Аким поглядел на него, сержант ждал его ответа, Саблин подумал немного, конечно, ему не хотелось конфликтовать вот так сразу, но прояснить ситуацию было необходимо, и он заговорил:
— Ты, сержант, на службе, видно, не первый день, лычки сержантские как-то раздобыл. Но, кажется, ещё не знаешь, что армейский сержант, ну никак по званию не выше казацкого урядника. А ещё тебе бы надо знать что по субординации, — он постучал себя пальцем по левой части груди, где на пыльнике был номер его части, — я казака Второго Пластунского Казачьего полка, с чего бы мне подчиняться человеку у которого даже номер части на груди не написан.
Мальков засмеялся. Слушал и смеялся, и потом проговорил:
— А ты не подумал, что нельзя мне номер части писать, а?
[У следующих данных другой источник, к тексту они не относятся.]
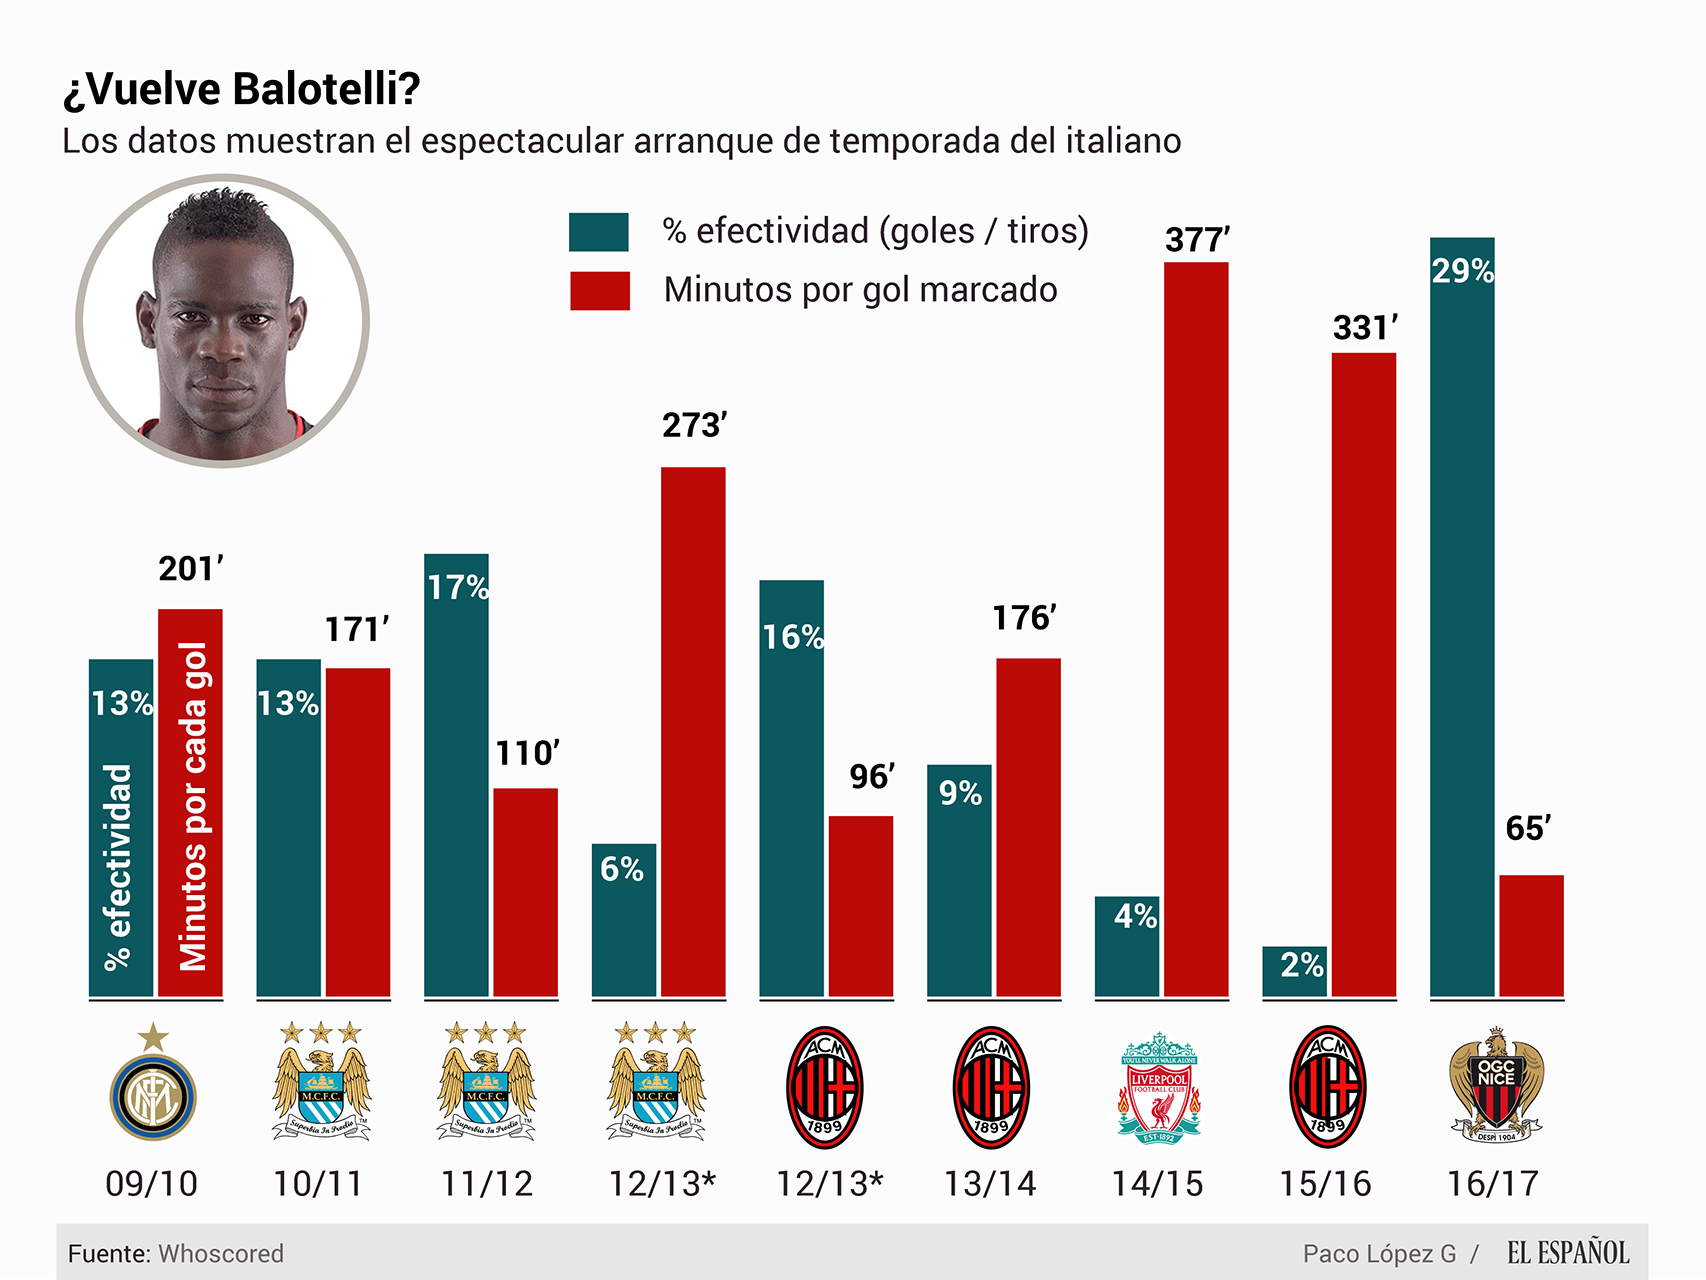 Cifras de Mario Balotelli durante su carrera.

Да, Саблин об этом подумал, некоторые части, спецподразделения без опознавательных знаков и ходили. Но это Акима не убедило:
— Панова мне платит, значит, она и главная.
— Ну, раз так, то ладно, — сказал сержант, — ты только не забывай потом эти слова. И ещё запомни: Панову мы в обиду не дадим.
Саблин даже отвечать ему не стал. Зачем отвечать на глупости. Он точно обижать красавицу Панову не собирался. Тем более что она обещала ему очень много за эту поездку.
А два солдата пронесли мимо них большой оружейный ящик. Ящик нестандартный, без опознавательных знаков. Впрочем, как и всё в этом непонятном подразделении. И броня была у них нестандартной, и оружие, и ящики. Даже пыльники не такие, как у всех.
— Миномёт? — Спросил Аким у сержанта.
Они так и стояли рядом после окончания разговора.
— Миномёт, — коротко ответил тот.
Саблин подумал, что миномёт — это всегда хорошо и тут же удивился:
— А это что? — Он увидел, как два солдата волокут здоровенный цилиндр из светлого металла. Укладывает его в одну из лодок.
— Контейнер для твоих жаб. — Отвечает солдат.
На верхней панели контейнера были просверлены дыры.
Аким, всё ещё недоумевая, глядел на цилиндр и спрашивал:
— А на кой он нам, мы ж вроде должен жаб уничтожить. — Говорил Саблин, припоминая разговор в больнице. — Она говорила, что ещё две жабы где-то болоту рыщут, говорила, что нельзя им давать к болотам привыкнуть.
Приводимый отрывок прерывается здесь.